If so, I think that’s worth highlighting. I guess that means that users of e.g. the GitHub action would just be “upgraded” to non-free software unless they switch away from it.
Adding non-optional, proprietary components also makes it quite a bit harder to argue, in good faith, that this is merely a “downstream distribution” and not just a fork IMO.
We just need a Forgejo action now ;p, or if anyone else didn’t know their is tangled.sh which CI uses Nix :3.
This really throws the trustworthiness of Determinate Systems and its employees into question. The company exists to serve the Nix community. Dropping support for the main implementation of Nix in favor of a fork that isn’t even fully FOSS is very unsettling.

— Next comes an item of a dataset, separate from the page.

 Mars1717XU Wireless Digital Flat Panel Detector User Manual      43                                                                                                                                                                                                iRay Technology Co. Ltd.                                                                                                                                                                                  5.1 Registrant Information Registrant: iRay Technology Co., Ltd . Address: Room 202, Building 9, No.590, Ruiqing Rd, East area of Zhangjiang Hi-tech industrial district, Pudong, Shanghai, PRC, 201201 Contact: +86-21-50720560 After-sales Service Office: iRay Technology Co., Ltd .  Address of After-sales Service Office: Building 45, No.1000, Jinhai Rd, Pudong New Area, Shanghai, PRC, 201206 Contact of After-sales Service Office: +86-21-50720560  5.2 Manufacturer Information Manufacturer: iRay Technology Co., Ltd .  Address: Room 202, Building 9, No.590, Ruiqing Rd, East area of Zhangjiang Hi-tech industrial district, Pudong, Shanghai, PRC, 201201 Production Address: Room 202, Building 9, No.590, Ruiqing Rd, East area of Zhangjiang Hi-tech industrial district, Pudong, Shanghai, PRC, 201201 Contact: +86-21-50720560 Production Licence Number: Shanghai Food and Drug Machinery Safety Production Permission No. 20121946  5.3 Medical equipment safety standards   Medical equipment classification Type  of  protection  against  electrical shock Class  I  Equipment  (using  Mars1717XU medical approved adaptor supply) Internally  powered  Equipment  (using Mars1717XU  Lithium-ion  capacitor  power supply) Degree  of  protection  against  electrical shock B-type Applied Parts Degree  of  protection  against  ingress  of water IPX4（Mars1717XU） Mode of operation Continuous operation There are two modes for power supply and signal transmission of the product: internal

Wrong! We do not serve “the Nix community.” In fact, I’m not really sure what it would mean to serve “the Nix community” any more than I know what it would mean to serve, say, my country or humanity.

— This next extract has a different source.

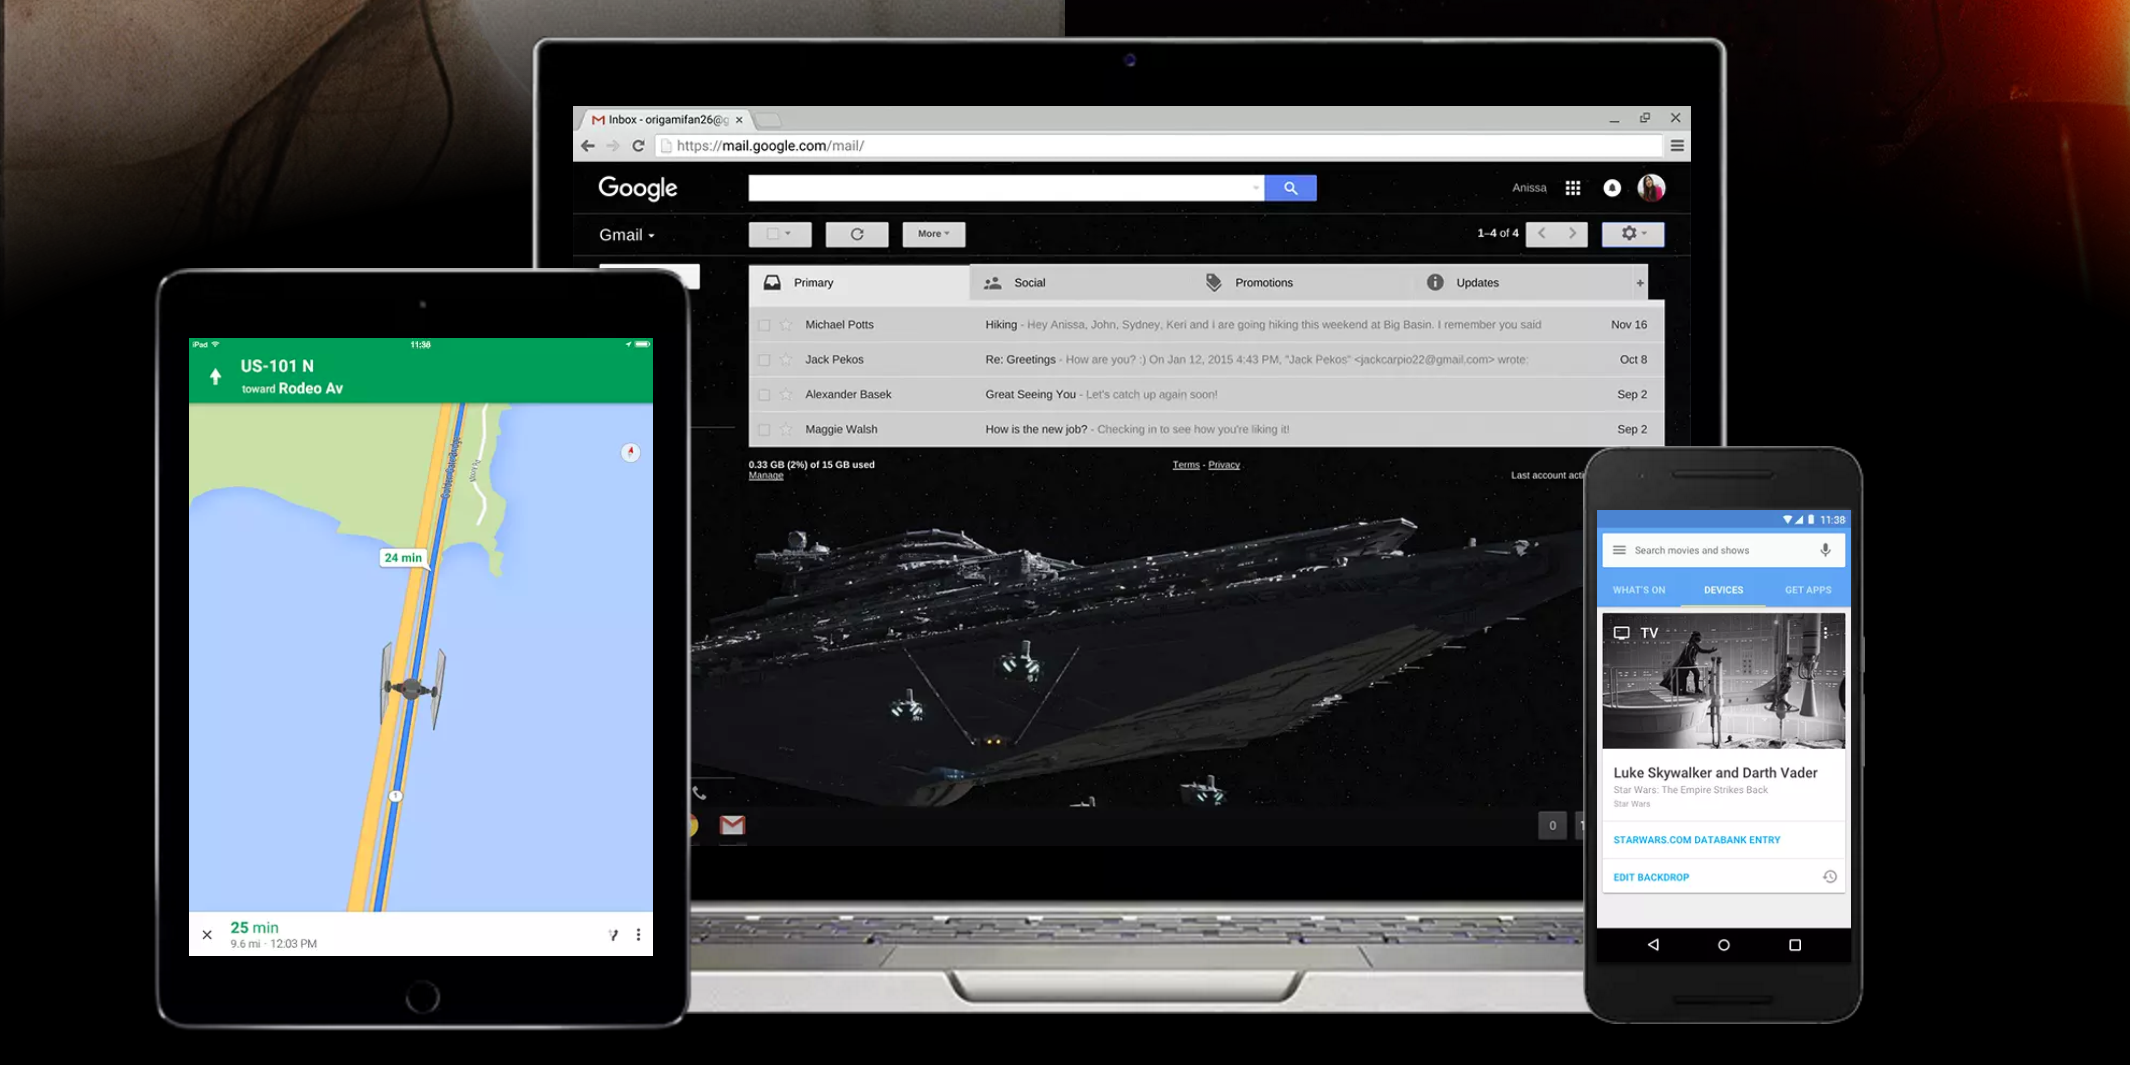 Google Lets You Re-Skin Its Apps Using Light Or Dark Side Star Wars Themes

We are a small group of people (9 employees now) who have strong ideas about what we think Nix could and should be, and we got some funding and we’re working hard to make that vision a reality. We don’t wait around for any kind of community consensus—and I’m not sure how one would even go about discerning such a consensus—before we build and do things; we just do them. That said, there are certainly limits to our action. We’re a for-profit company but we’re careful to respect licenses and copyright law and general open source norms and we certainly don’t act with ill intent toward the community, which has given us a lot (and we seek to benefit the community in return, as evinced by contributions that I needn’t belabor here). But beyond that, we actively eschew any kind of modus operandi according to which we ask “the Nix community” what they want—again, not sure what that would mean amongst people who disagree about just about everything—and then provide that. To us, that sounds like a recipe for stagnation and “a faster horse.” Instead, we put forth ideas and tools and platforms and we see how it goes and we gauge the response, and we do so alongside others with different ideas. Smush it all together and see what comes out on top. It’s a lot of fun and, we think, more productive than finding a prior consensus and acting on that. Some people in the Nix community love what we do, others don’t, and I don’t know how any company could build and act with anything resembling boldness while ruffling no feathers whatsoever.
So no, we don’t “exist to serve the Nix community.” To me abstractions like that essentially amount to “you exist to do what I want you to do and you’re not doing it.”
I’m fine with you about doing your own non-community thing. But I’m tired about you advertising releases an changes on the community channels and people with determinate nix specific problems ending up here.